The reason for NoSQL is that SQL databases were designed to support high levels of consistency and reliability in their data operations. For instance, ensuring that complex financial transactions either complete fully or not at all — the last thing you want is for your money to disappear down a hole, or end up in two different accounts. The term for this integrity feature is ACID and it imposes a large performance penalty. This all makes sense for large commercial databases that process concurrent transactions in real-time but it is extraneous for your personal family history database.

If and when we get a modern standard for representing family history data then it will primarily describe a data model — a logical representation of the data. The actual physical representation in a file depends on which syntax is adopted, and there may be several of those. This is presented in more detail at: Commercial Realities of Data Standards. However, no standard can, or should, mandate a particular database or a particular database schema. For a start, no two SQL databases behave the same — despite their being a SQL standard. The choice of how a database schema is organised and indexed depends as much on the design choices of the vendor and the capabilities of their product as it does on a data-model specification. Effectively, a database cannot form a definitive copy of your data since you cannot transport the content directly to the database of another product, and if your product becomes defunct then you could be left with an unreadable representation. This is important if you want to bequeath the fruits of your research to an archive, or to your surviving family.

The goal of organisations like FHISO, and BetterGEDCOM before it, is to define a data model for the exchange and long-term preservation of genealogical and family-history data. This means that whatever the vendor’s database looks like, they must support an additional format for sharing and preservation. Unfortunately, the old GEDCOM format is woefully inadequate for this purpose and there is no accepted replacement that fits this bill. If such a representation existed then why couldn’t we work directly from it? The idea isn’t that new but there are technical arguments that are always levelled against it, and I will come to these soon. If the representation were covered by an accepted international standard then the problems of sharing and longevity disappear. It also opens up your data for access by other, niche software components — say for a special type of charting or analysis. This isn’t possible if it’s all hidden in some opaque proprietary database. It also means there’s less chance of an unrecoverable corruption because the internal complexities of the database do not apply.
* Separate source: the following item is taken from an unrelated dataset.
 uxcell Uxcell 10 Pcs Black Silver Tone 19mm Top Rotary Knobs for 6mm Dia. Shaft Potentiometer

Let’s pick on a controversial representation: XML. This is an international standard that is here to stay[1], and that means that any standards organisation must at least define an XML representation of their data in order to prevent multiple incompatible representations being defined elsewhere. There are some people, including software vendors, who vehemently hate XML, and would refuse to process it. The main reason appears to be a perceived inefficiency in the format and so it is ideal for this illustration.

Yes, XML appears verbose. Repetitive use of the same key words (element and attribute names) means it can take up more disk space than other, custom representations. However, this also means that a compressed (or zipped) version is incredibly reduced. Disk space is cheap, though. Even a humble memory stick now has thousands of times more storage than the hard disks that I grew up with. I have seen many XML designers try to use very short key words as though this helps make it more efficient. Apart from making it more cryptic, it doesn’t help at all.
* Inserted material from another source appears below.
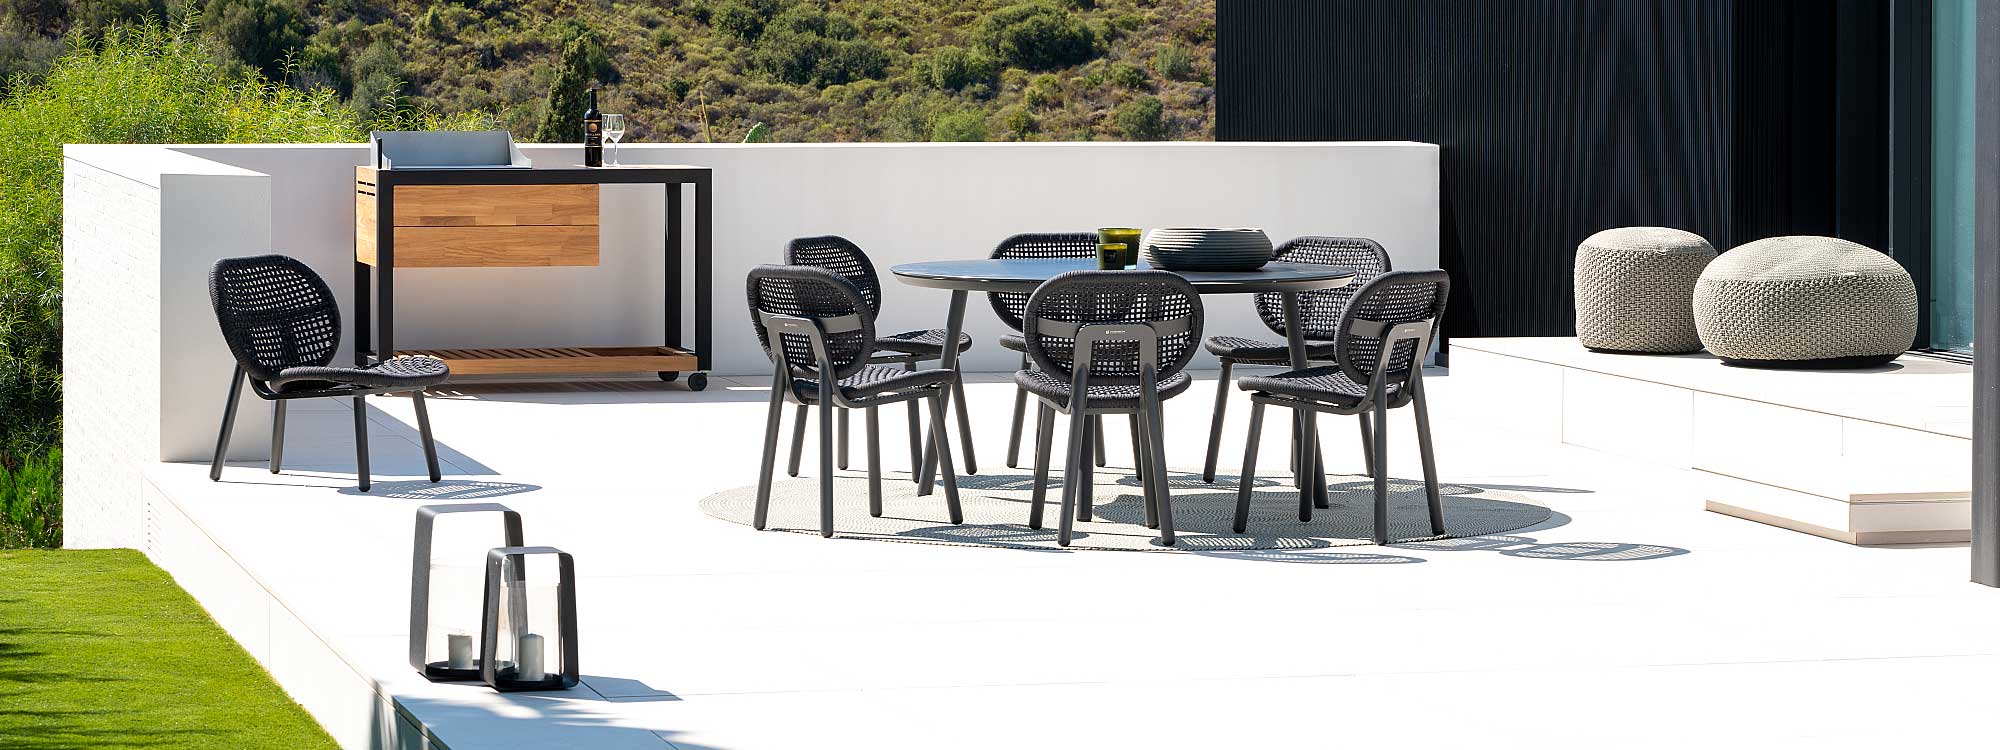 Image of Durham round garden table with Skate modern outdoor chairs in charcoal finish by Jati & Kebon

But what about its memory usage? Right, now we’re getting to the more serious issues. Let me first bring the non-software people up-to-speed about memory. A computer has a limited amount of physical memory (or RAM). Secondary storage, such as hard disks and memory sticks, is typically much larger in size than the available RAM. However, data has to be transferred from secondary storage to RAM before it can be processed by a program, and code (the program instructions) has to be similarly transferred before it can be executed. The operating system (O/S) creates an abstract view of memory for each program called a virtual address space, and this is made up of both RAM and secondary storage. This means that the O/S has to do a lot of work behind the scenes to support this abstraction by making code and data available in RAM when it’s needed, and this process is called paging. It keeps track of pages (fixed-sized chunks of code/data), and when they were last used, so that it can push older ones back out to disk in order to make room for newer requirements. If a program tries to randomly (rather than sequentially) access a large amount of data in its virtual address space then it can result in disastrous performance, and an effect known as thrashing.

The size of each program’s virtual address space is constrained by the computer’s address size. This means that on a 32-bit machine, a program can only address 0 to 4GB, irrespective of how much RAM is available. The situation is often worse than this because some of the virtual address space is used to give each program access to shared components.

Under Microsoft Windows, for instance, this is usually a 50/50 split so that each program can only address up to 2GB[2]. Hence, bringing large amounts of data into virtual memory unnecessarily can be inefficient on these systems. It is possible to create software that can manipulate massive amounts of data within these limitations[3] but the effort is huge.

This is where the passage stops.